So, to turn the light on or off, you use the light switch as usual. If you use the transmitter, then the ON-Button will turn the light on and the OFF-Button will turn it off. Actually, when turned on, the lamp will go to 100 % brightness and then fade-out to the last set brightness. When turned off, the lamp will fade-out quickly, which is quite nice.
To change the brightness you start a dimmer run, in which the dimmer will increase the brightness until the maximum and then decrease it to the minimum and so forth. When the desired brightness is reached, then you stop the dimmer run. You can start a dimmer run any time when the light is on. With the light switch, you start the dimmer run, by quickly switching off and on. You stop it by switching off and on again. With the transmitter, you start the dimmer run, by pressing the ON-Button. You stop it by pressing the ON-Button again.

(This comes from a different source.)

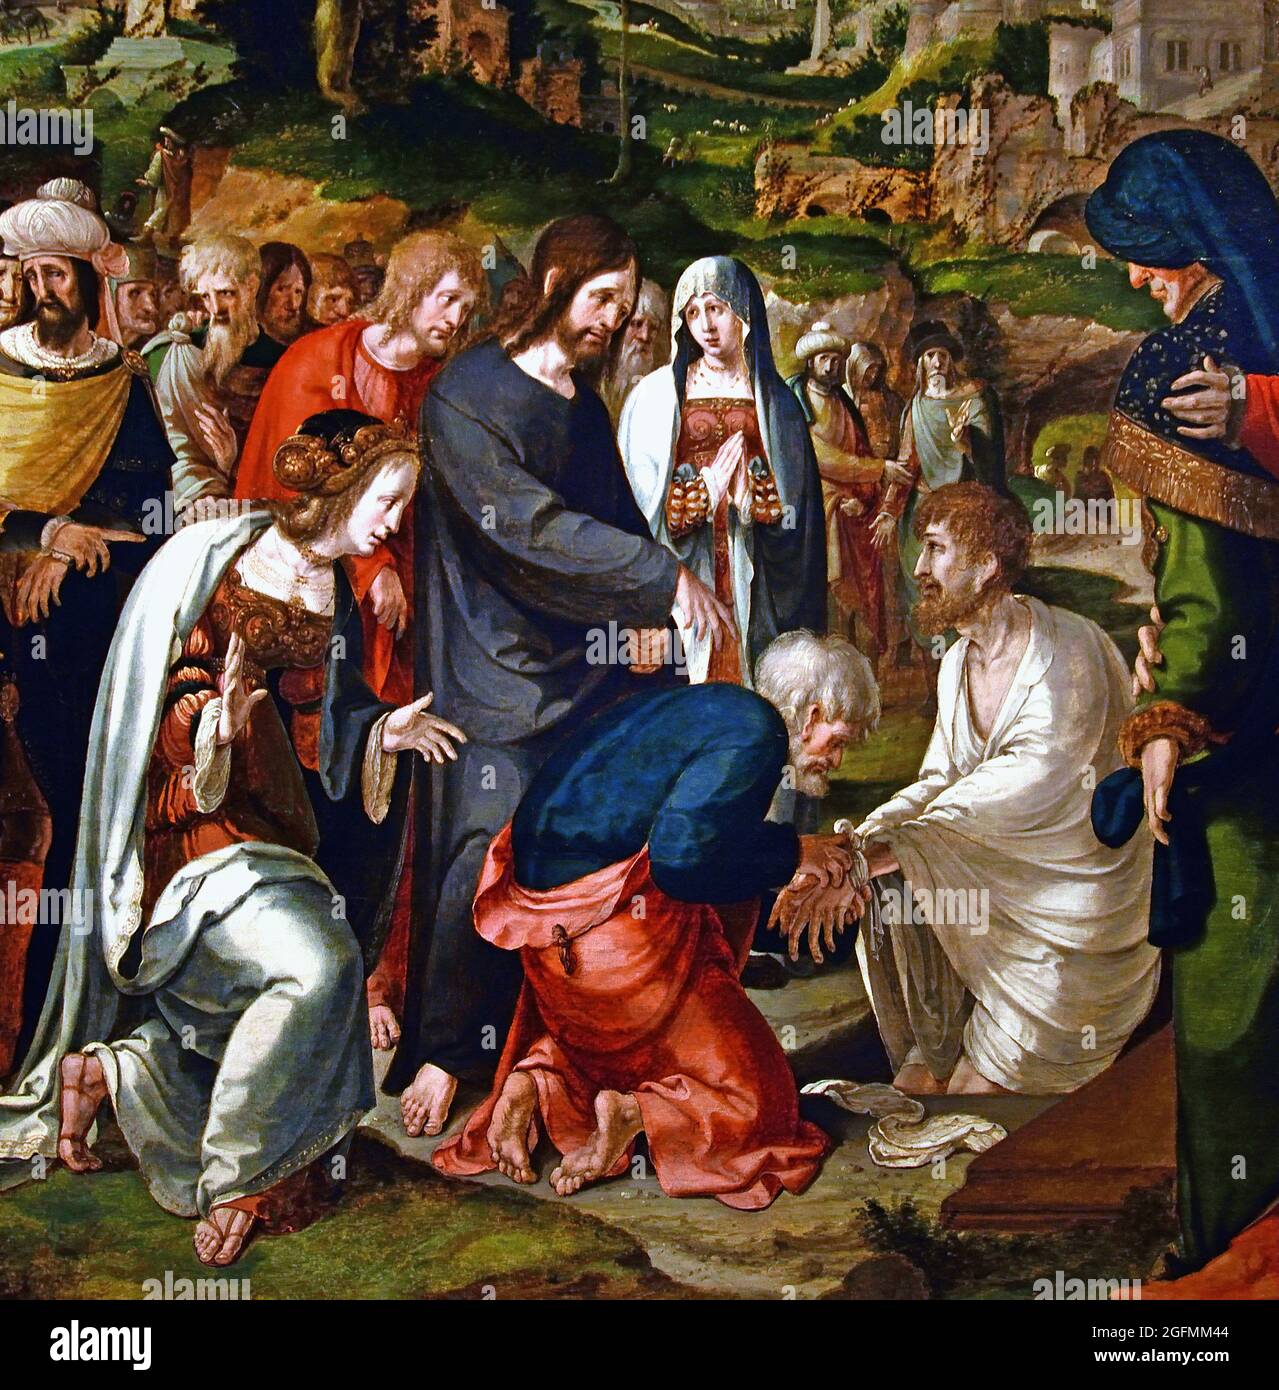 Die Auferweckung des Lazarus, Aertgen Claesz van Leyden (zugeschrieben), 1530 -1535 Öl auf Tafel, 75,7cm × 78,8cm (Dieses Triptychon wurde zum Gedenken an ein Ehepaar gemalt, wobei der Mann und die Frau auf den Flügeln knieend dargestellt wurden. Die zentrale Tafel zeigt passend das Wunder, dass Christus Lazarus von den Toten auferweckt hat, eine Anspielung auf die Verheißung des ewigen Lebens und den Glauben, dass der Tod durch den Glauben an Christus überwunden wird.) Stockfoto

The dimmer will remember its brightness when you turn it off.
The intertechno dimmer controls the brightness of 220-240V LED lamps very well. However I would prefer to use a round knob instead of a rocker style switch. Having a number of existing RGBW LEDs it would be preferable to have a consistent way to control all lights. What I would like most is a wall-mount round knob with which a Limitless or MiLight RGBW lamp can be turned on/off and dimmed.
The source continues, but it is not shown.